* **EXERCISE BRIEF**
Starting at the line that contains "Motorama RC Auto Ferrari F1 Infra #2" and stopping after the line that contains "Sau đó không", transcribe the listing below exactly; do not include any pictures.

* **GIVEN DATA**

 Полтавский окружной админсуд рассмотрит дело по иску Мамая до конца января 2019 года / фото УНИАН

* * *

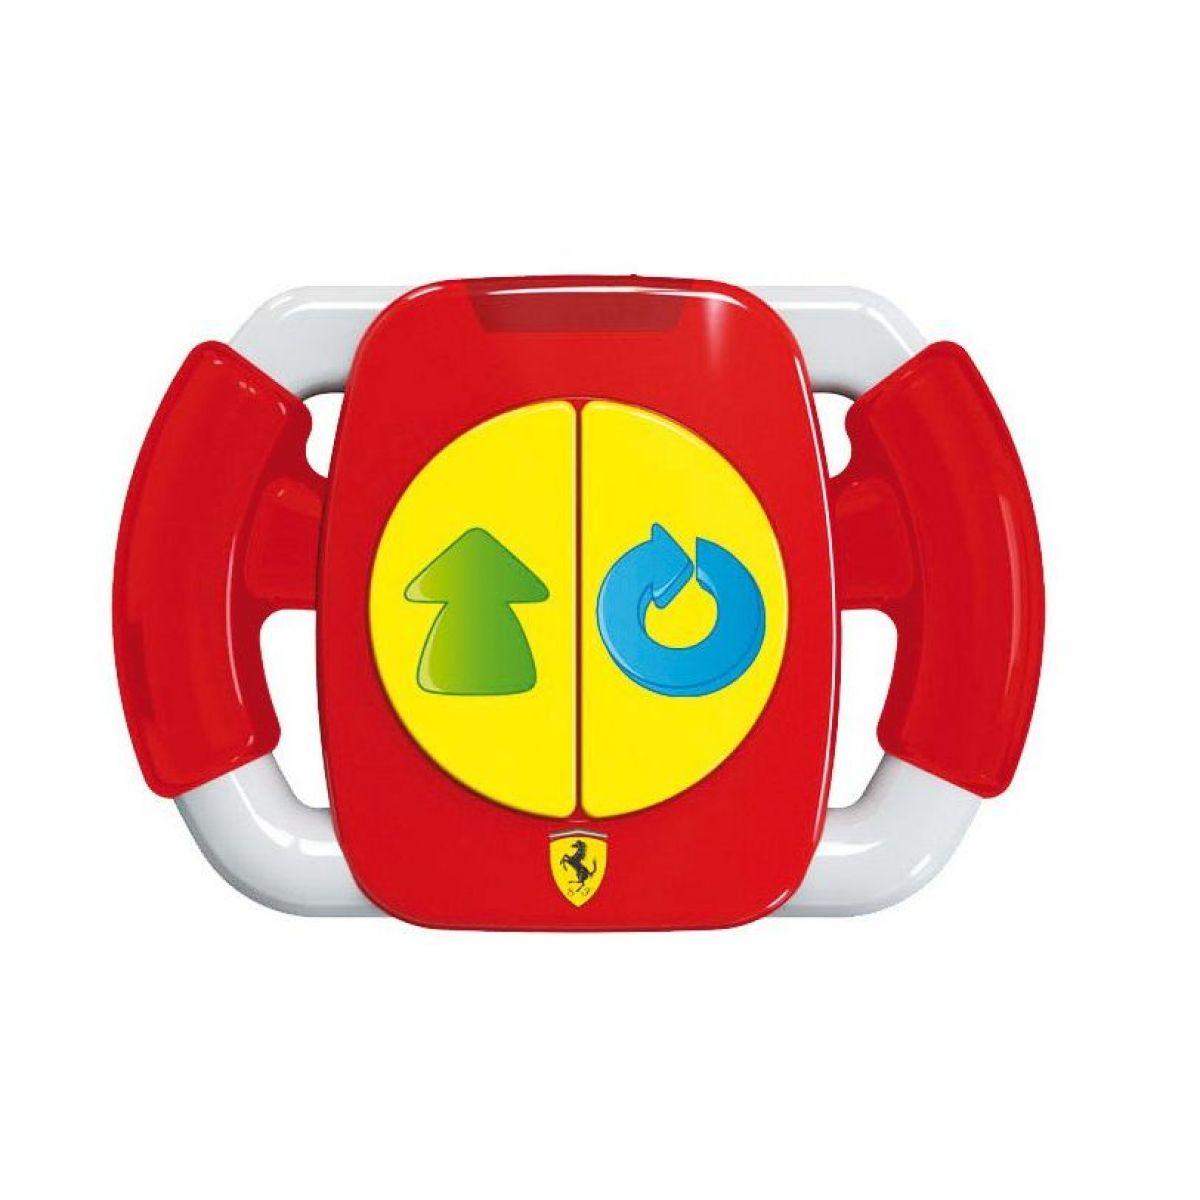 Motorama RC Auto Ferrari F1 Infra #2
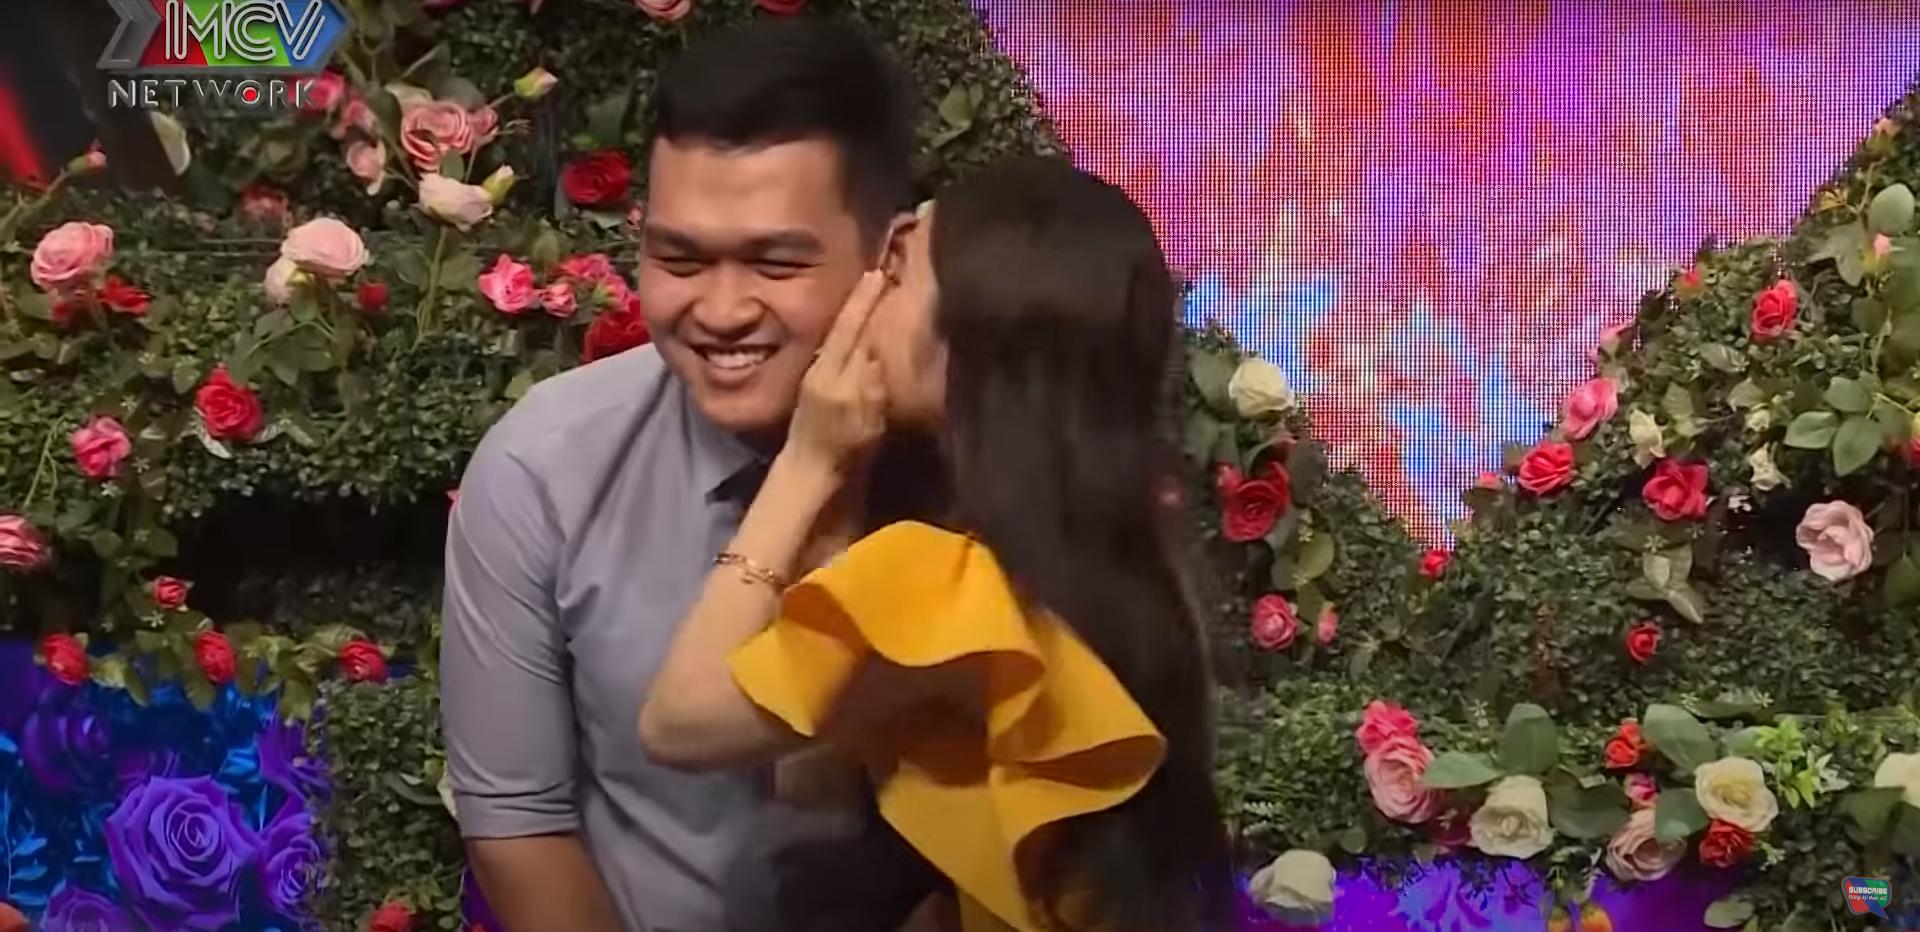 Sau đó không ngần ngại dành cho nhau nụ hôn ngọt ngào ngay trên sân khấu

--

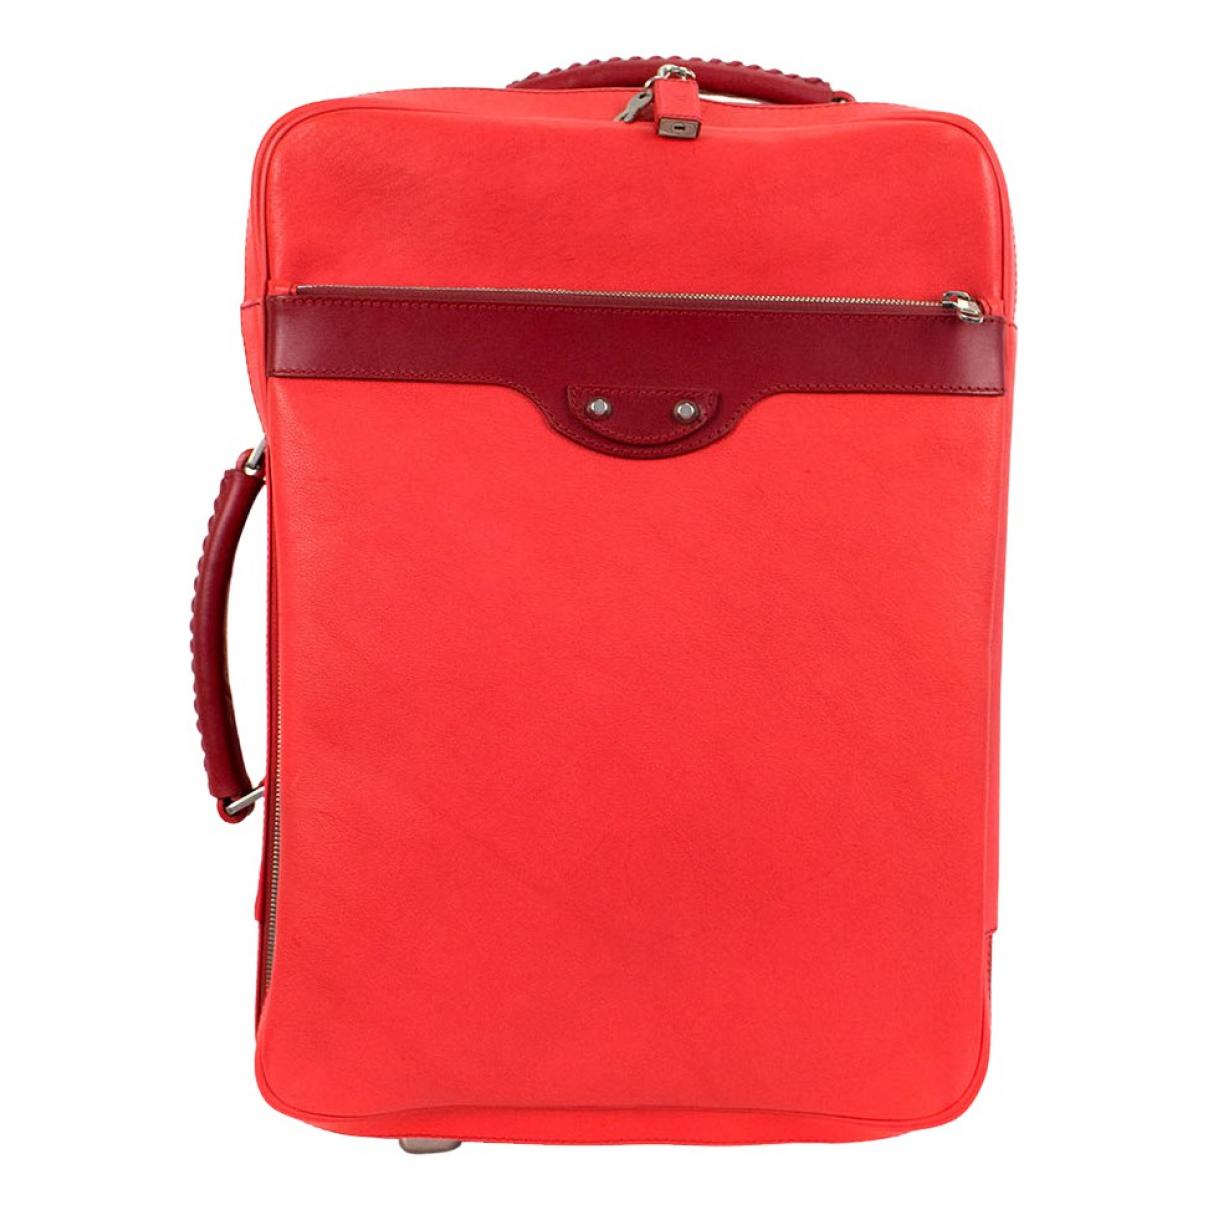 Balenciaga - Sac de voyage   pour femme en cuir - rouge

* **EXERCISE OUTPUT**
 Motorama RC Auto Ferrari F1 Infra #2
 Sau đó không ngần ngại dành cho nhau nụ hôn ngọt ngào ngay trên sân khấu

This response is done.